Intel’s hastily installed interim CEO duo revealed that its Falcon Shores GPU architecture will never make it to a data centre near you, as they announced Q4 and full year losses in their first earnings call yesterday.

The news of another AI setback for the ailing CPU giant came as alongside full year figures that showed falls year on year, and Q1 forecasts that came in below market expectations.

Michelle Holthaus and David Zinsner only took up their roles in December, when Intel veteran Pat Gelinsinger retired, amidst reports he had been forced out by the board. The firm, which once dominated Silicon Valley, still has massive weight but is being openly talked of as a takeover target.

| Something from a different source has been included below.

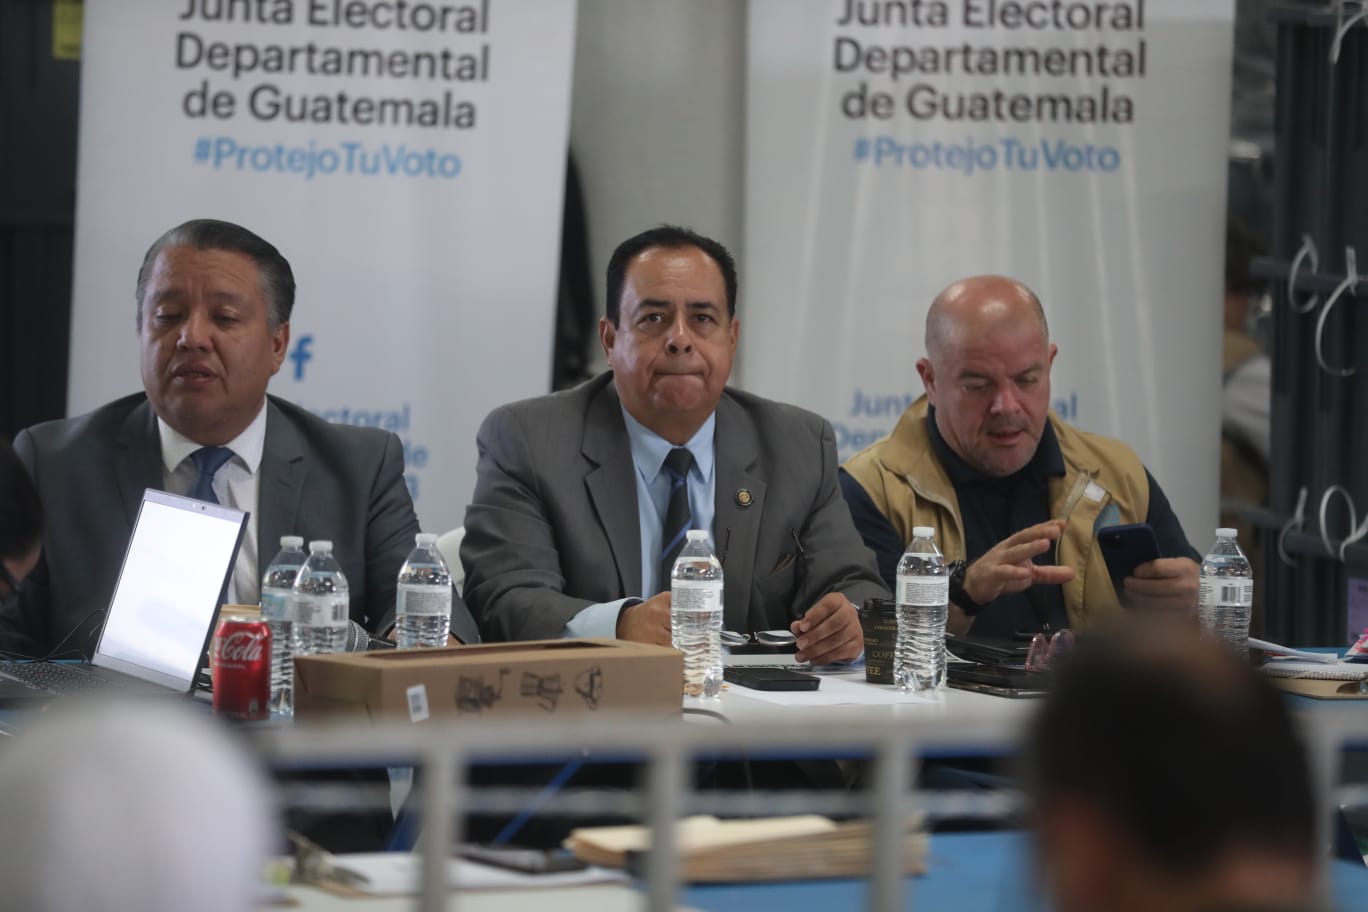 El cotejo de actas por parte de la JED del departamento de Guatemala concluyó este jueves 6 de julio. (Foto Prensa Libre: Juan Diego González)

Q4 revenues came in at $14.3bn, down 7% on the year, with a $126m net loss, compared to $2.7bn net profit the previous year. Full year revenues were $53.1bn, down from $54.2bn the previous year. That yielded a $18.8bn net loss, compared to $1.7bn net income in 2023.

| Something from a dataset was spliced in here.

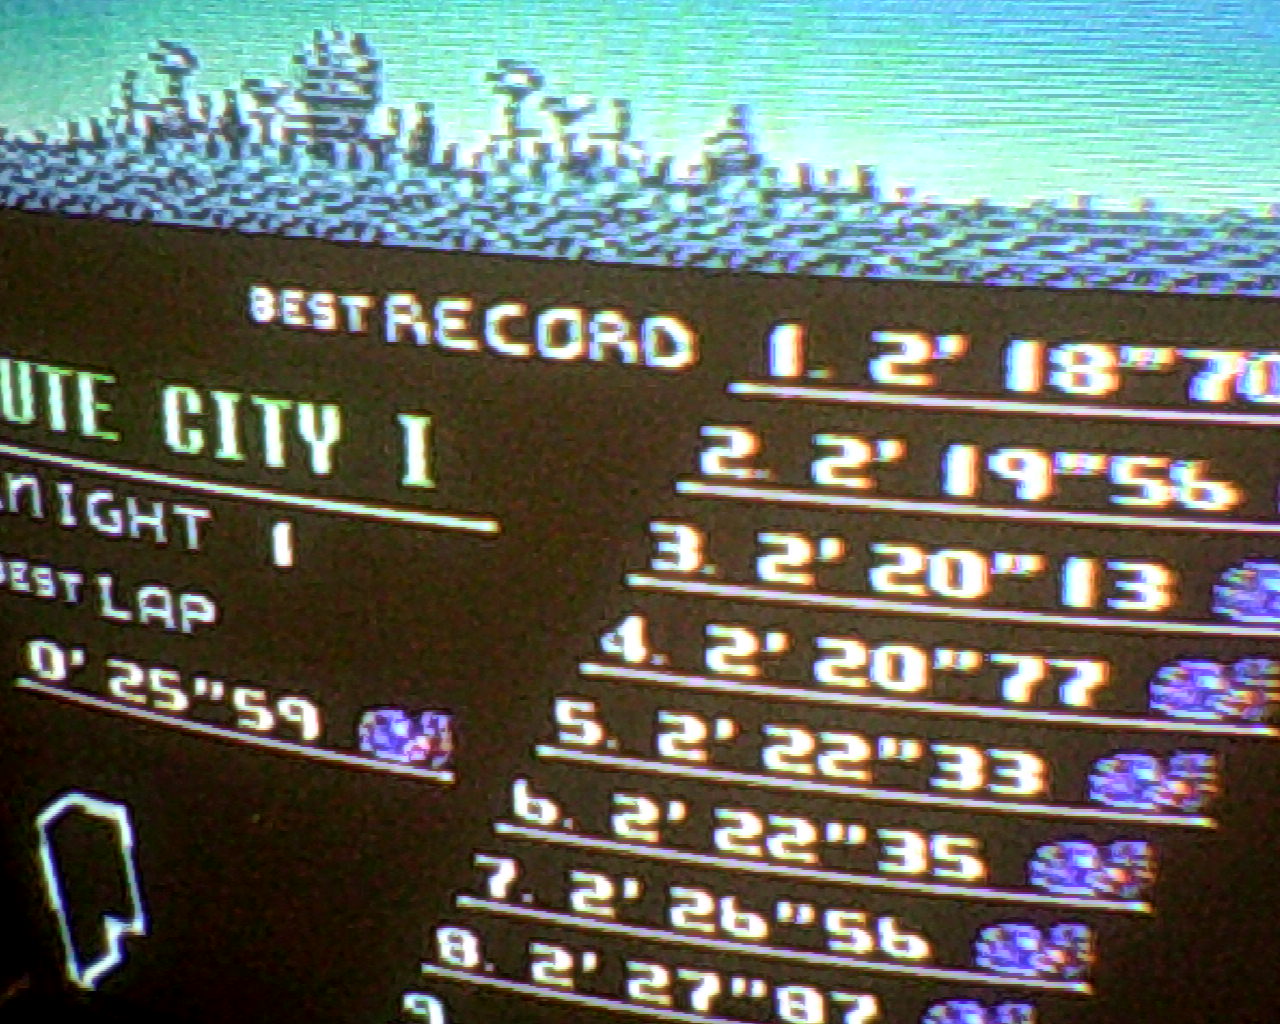 F-Zero: Mute City I [Beginner] time of 0:02:19.56

Restructuring and other charges of $7bn for the full year played a part in that woeful performance – losing 15,000 “friends” doesn’t come cheap. But the company is continuing to struggle with multiple problems, with delayed product launches and ongoing issues with its efforts to build a separate foundry business

It doesn’t help that its critical “datacentre” market is now obsessed with AI, and therefore GPUs. And Intel continues to struggle to catchup on that front.

Holthaus insisted, “The world's data center workloads still primarily run on Intel silicon, and we have a strong ecosystem, especially within enterprise. We are going to leverage these strengths as we work to stabilize our market share in 2025. One of the ways we'll do this is by reengaging the x86 ecosystem.”

She said the firm had to stem a “tide of share loss in the data centre” and would be “fighting for every socket.”

When it comes to the AI data center, "I will start by saying that this is an attractive market for us over time, but I am not happy with where we are today. On the one hand, we have a leading position as the host CPU for AI servers.”

However, hopes of closing the gap around GPUs with its Falcon Shores chip – which combines GPU and x86 in a single package - were shut down.

“Based on industry feedback, we plan to leverage Falcon Shores as an internal test chip only without bringing it to market. This will support our efforts to develop a system-level solution at rack scale with [planned successor] Jaguar Shores to address the AI data center.”

That leaves Intel’s AI accelerator offering centred on Gaudi, the Habana Labs architecture it borged in 2019.

In Q/A, Holthaus added that “one of the things that we've learned from Gaudi is it's not enough to just deliver the silicon. We need to be able to deliver a complete rack scale solution.”

That will come with Jaguar Shores. But it seems unlikely Jaguar Shores will appear until next year. And that is a really extended time frame in the blisteringly fast AI market.

Afterall, earlier this week, Nvidia’s shareprice was just nudging $150. By the end of the week, it was around $124.65, giving it a market cap of $3trillion after the Deepseek inspired minimarketmeltdown.

By comparison, Intel’s market cap is stubbornly bumping around $86bn, just a fraction of what Nvidia lost in a day as the market panicked over the introduction of one new LLM.